All of the concepts discussed, including the creation of a defined “society for apostolic work,” or “Missionary Society,” include an expectation that we will remain connected to Rwanda, and theAM leaders are working collaboratively, as always, with Rwandan leaders. These conversations with leadership on both sides of the Atlantic remain ongoing, and it is important to note that no decisions have been made – we are in a process of conversations only, and frankly any public discussion is premature at best. Religious orders must abide by a set of canons; the AMiA will voluntarily submit to the canons of Rwanda. For the time being, AMiA clergy will remain credentialed in Rwanda.
If by “connected to Rwanda” you mean “voluntarily submitting to their canons for the time being” then I guess you could say that.
2. There has not been “friction” or “discord” about appointing bishops for the Anglican Mission. A planned discussion of the possibility of new bishops at the Rwanda House of Bishops meeting in June was not brought forward simply because the two-day meeting had to be reduced to one-day due to a funeral. The very full agenda did not allow for a conversation about new bishops. The proposed structure doesn’t preclude “reverse colonialism” either. The Chairman coined this term in response to efforts by the Rwandan House of Bishops to provide to the AMiA increased oversight, particularly with regard to finances and the selection of senior leadership.

No friction or reverse colonialism due to ‘increased oversight…with regard to…the selection of senior leadership’ Score another one for Anglican Unscripted.

3. Bishop Murphy has in no way changed his personal position on women’s ordination to the priesthood, but the Anglican Mission in the Americas has made room for two integrities and two positions on this issue for two reasons: the Province of Rwanda does ordain women to the presbyterate, and the Anglican Communion is in a period of reception. There is no general acceptance of women’s ordination in the Anglican Mission, but we have chosen to live in the tension of two theological positions out of mutual respect. The new structure will permit the ordination of women to the priesthood but not require it. AMiA clergy will opt for either the Normative Rite (male presbyters) or the Provisional Rite (male and female presbyters) according to preference.

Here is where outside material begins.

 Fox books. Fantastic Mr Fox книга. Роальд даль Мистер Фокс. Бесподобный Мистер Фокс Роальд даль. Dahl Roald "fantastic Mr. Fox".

Bishop Murphy may not have changed his “personal position” but the envisioned changes seem to make women’s ordination possible with AMiA itself, instead of just all the various legal sub-groups. Anglican Unscripted is correct again.

The conclusion of theAM statement is very strident, calling Anglican Unscripted’s reporting false, uncorroborated and questioning motives. The decent thing for Bishop Murphy and Rev. Brust to do would be to apologize to Conger and Kallsen for this kind of exaggerated rhetoric.